Команда, передаваемая одним хриплым голосом другому, пронеслась по всему кораблю. «Бесстрашный» содрогнулся от кормы до носа — пушки его извергли оранжевое пламя. Из пушечных портов повалили клубы дыма от выстрелов, но Джон не ждал, пока прояснится. Он уже мчался обратно за следующим зарядом.
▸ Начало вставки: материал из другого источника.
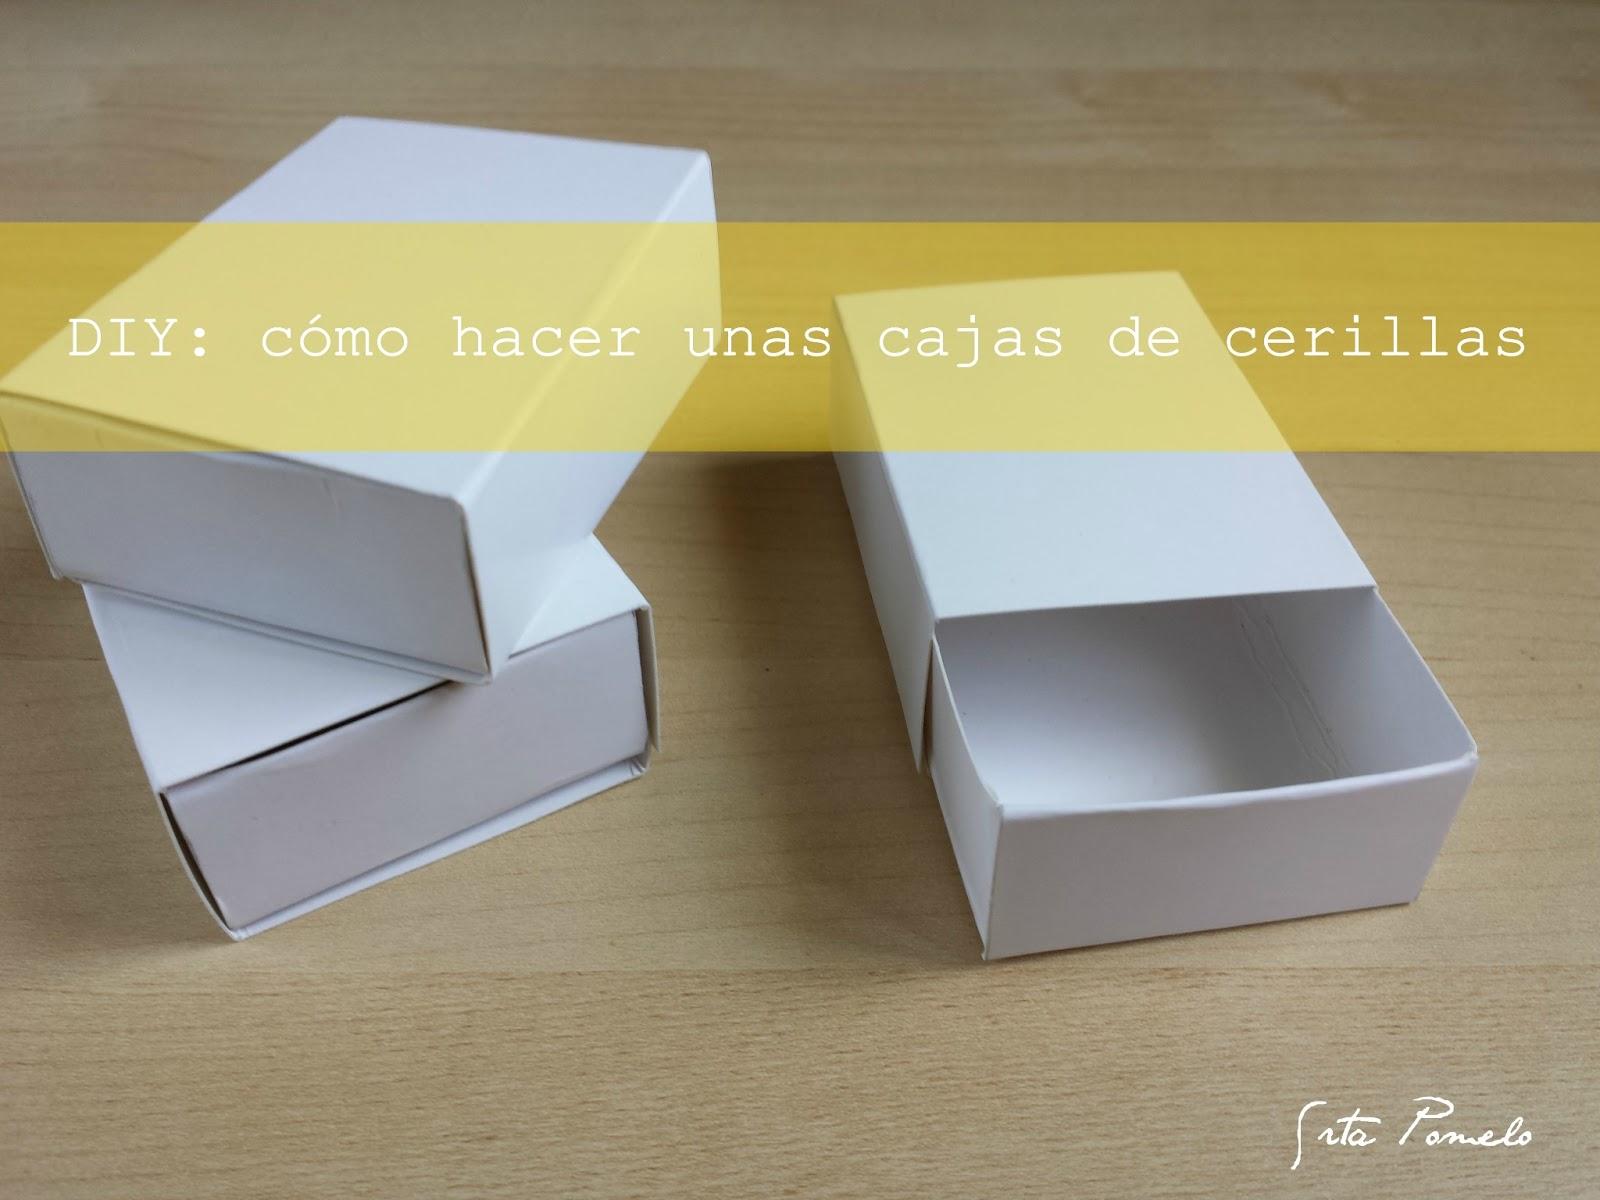 Srta pomelo diy c mo hacer unas cajas de cerillas - Como hacer cajitas de cartulina ...
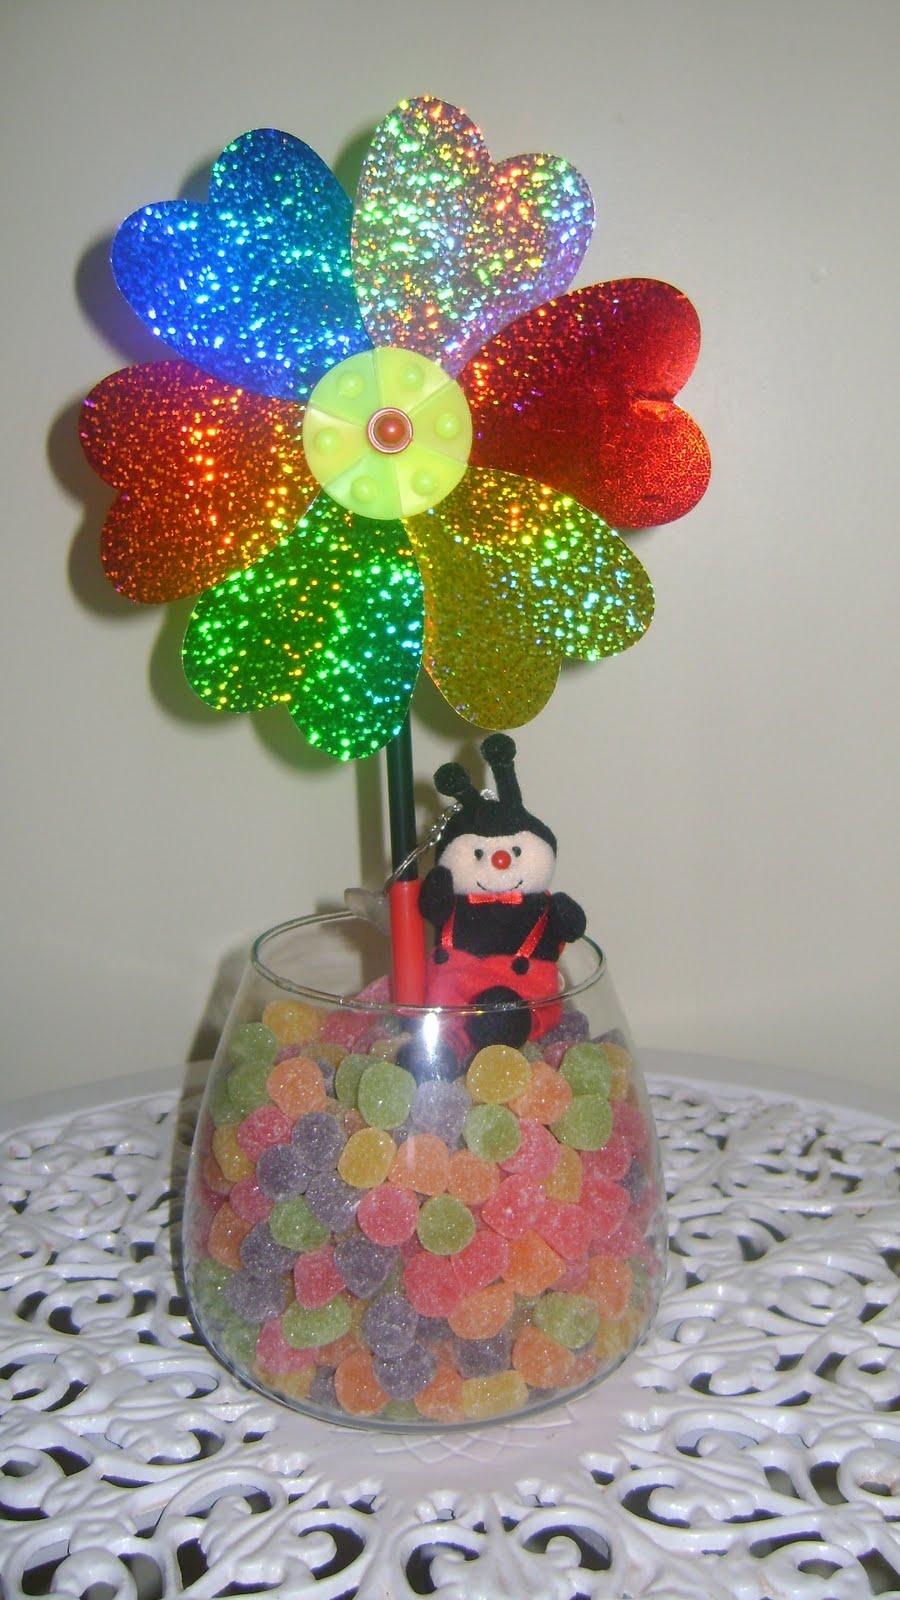 enfeites para festa infantil jardim encantado:Enfeite de mesa – Tema Jardim Encantado/Joaninha – R$ 25,00

И с того момента времени думать и бояться у него не было. Раз за разом грохотали пушки «Бесстрашного», и раз за разом «Courageux» отвечал не менее смертоносными залпами. Матросы у орудий поснимали куртки и рубахи и работали по пояс голыми. Босые ноги их скользили в крови, которая очень скоро окрасила алым посыпанные песком доски палубы. Они трудились как черти, встречая каждый залп восторженными криками и не обращая внимания на чудовищный урон, что наносили их рядам французские ядра, пробивавшие бреши в обшивке корабля, отрывавшие руки, ноги, головы. От каждой бреши разлетались во все стороны острые, точно копья, щепки — не менее опасные, чем сами ядра.
— Отлично, мальчик мой! Ты храбрец! Отлично! — кричал мистер Стэннард каждый раз, как Джон приносил ему очередную порцию пороха.
Но Джон совсем не чувствовал себя храбрецом. Он вообще ничего не чувствовал, кроме необходимости сохранять темп, бегать взад-вперед за порохом и не позволять своей пушке простаивать без дела. Он видел, но словно не замечал, творившиеся вокруг ужасы — раненых и умирающих, оторванные руки и ноги, текущую по шпигатам кровь. Он не слышал крики ликования, стоны и вопли. Он осознавал лишь регулярные раскаты выстрелов и ответные вражеские залпы. Внезапно он поймал себя на том, что во весь голос что-то говорит, и понял, что снова и снова повторяет слова молитвы.
«Отче наш, сущий на небесах… Отче наш, сущий на небесах…»
Остановился он всего один раз — столкнувшись с Томом, который мчался с порохом к своей пушке, находившейся в дальнем конце корабля.
— Ната подстрелили, — не в силах отдышаться, пропыхтел Том. — Теперь я и на его пушку порох ношу.
— Как, Нат? Но он не погиб?
— Не знаю, но вот Кит — так точно.
Воздух вокруг головы Джона вдруг закружился и потемнел.
— Кит? Погиб? Неправда! Не может быть!
— Эй ты, пошевеливайся! Тебя что, ядром пришибло? — очередная «пороховая обезьяна» отпихнула Джона в сторону.
Торопясь обратно на батарейную палубу, Джон чуть не споткнулся — и страх, что порох упадет и взорвется, вытеснил из его головы все остальные мысли. Но, добежав до пушки, он обнаружил, что порох здесь больше не потребуется. Французское ядро угодило прямо в дуло орудия, искорежив его, а рикошетом убило одного моряка и оторвало левую руку второму. Уцелевшие теперь несли раненого в кубрик, к судовому врачу.
Мистер Стэннард стоял чуть в стороне, вытирая лоб окровавленной рукой.
— Жуткое дело, да? Сколько храбрых ребят погибло! Но предаваться горю — просто глупо, верно ведь, Джон? Глупо и глупо.
Джон видел, что руки командира орудия дрожат.
Кит! Он снова вспомнил ужасную новость. Нет, не может быть, неправда!
Джон судорожно вытер нос рукой.
— Прислушайся! — сказал вдруг мистер Стэннард, хватая его за плечо. — Слышишь?
— Что, сэр? — всхлипнул Джон.
Мистер Стэннард ответил не сразу. По лицу его медленно разлилась улыбка.
— Тишину, парень. Тишину. Пальба прекратилась. Всё кончено!
Джон прислушался. Командир орудия был прав. Едва ли это можно было назвать тишиной, поскольку справа и слева раздавались стоны раненых, но чудовищный грохот канонады и треск мушкетов прекратился. Сверху доносились нестройные крики ликования. На английском.